Indonesian Political, Business & Finance News

Economist: Finance Minister-BI Visit to US Must Be Followed by Policy Credibility

| Source: ANTARA_ID Translated from Indonesian | Economy
Economist: Finance Minister-BI Visit to US Must Be Followed by Policy Credibility
Image: ANTARA_ID

Jakarta (ANTARA) - The Head of the Macroeconomics and Finance Centre at the Institute for Development of Economics and Finance (Indef), M Rizal Taufikurahman, stated that meetings between several Indonesian officials and investors and financial institutions in the United States (US) must be followed by policy credibility.

Finance Minister Purbaya Yudhi Sadewa and Bank Indonesia Governor Perry Warjiyo conducted a series of visits (roadshow) to the United States this week to convince investors and international financial institutions regarding the resilience of Indonesia’s macroeconomic and fiscal fundamentals.
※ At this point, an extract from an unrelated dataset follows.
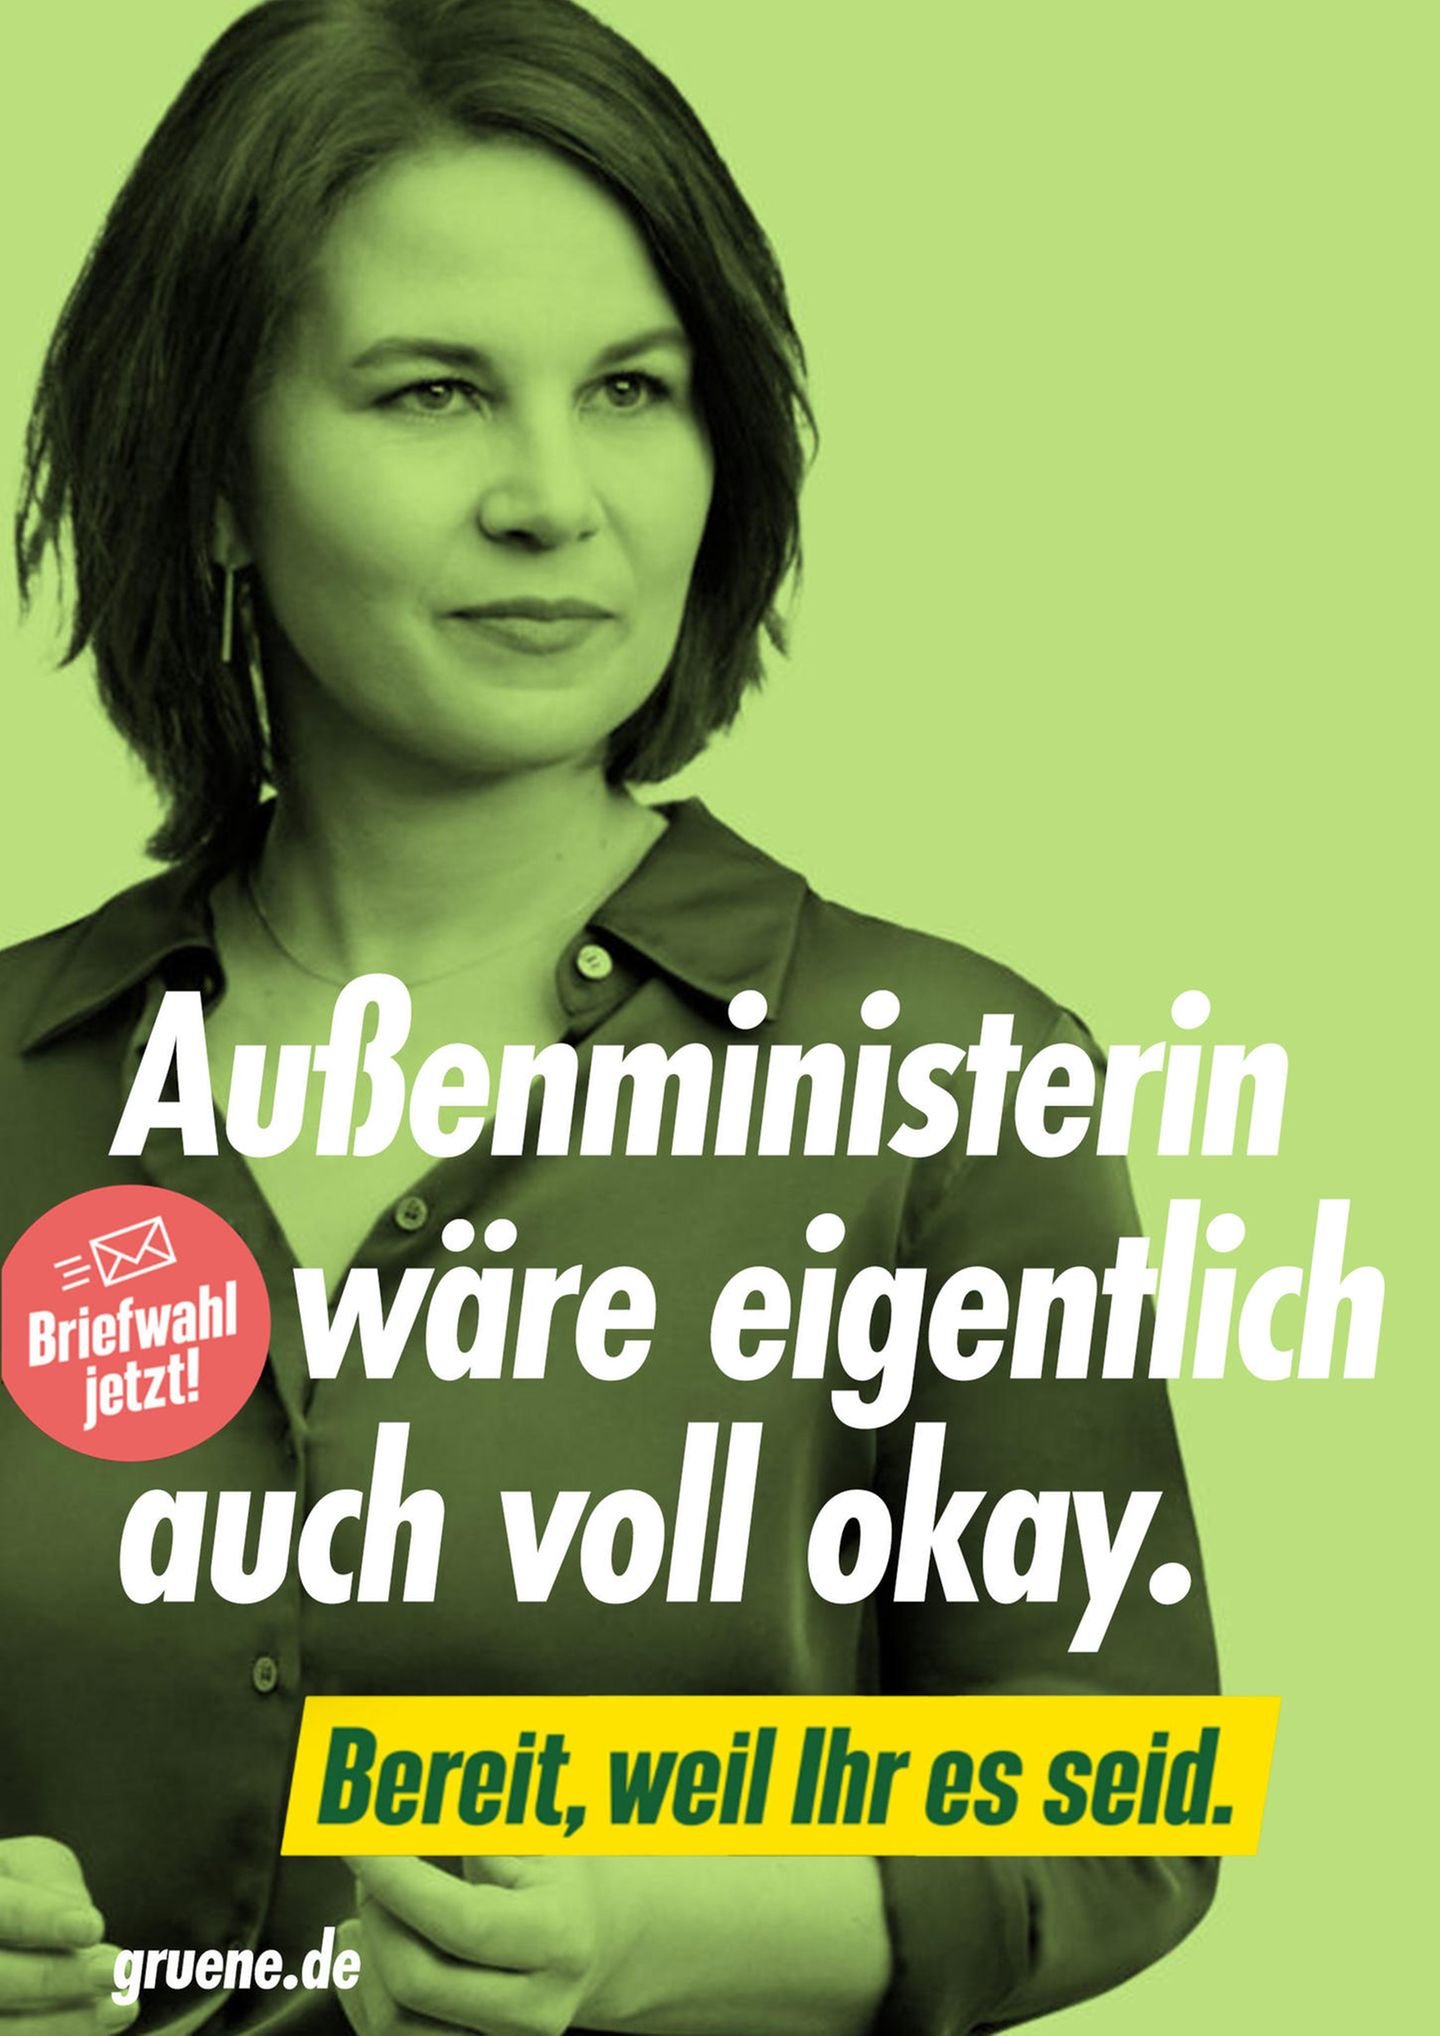 """Kreative Vorschläge: """"Außenministerin wäre eigentlich auch voll okay"""" – so könnten ehrliche Wahlslogans lauten"""

When contacted by ANTARA in Jakarta on Wednesday, Rizal said that these meetings could enhance positive sentiment towards Indonesia’s domestic market in the short term.

“The meetings between the Finance Minister and Bank Indonesia Governor with global players such as HSBC, BlackRock, and the IMF will have an impact of providing short-term positive sentiment, not fundamental and structural changes,” he said.

He projected that the market’s response to these meetings would occur in the coming days or even weeks.

However, Rizal cautioned that investors would continue to examine the reality of the data and test the consistency between the narrative presented and the on-the-ground fundamentals.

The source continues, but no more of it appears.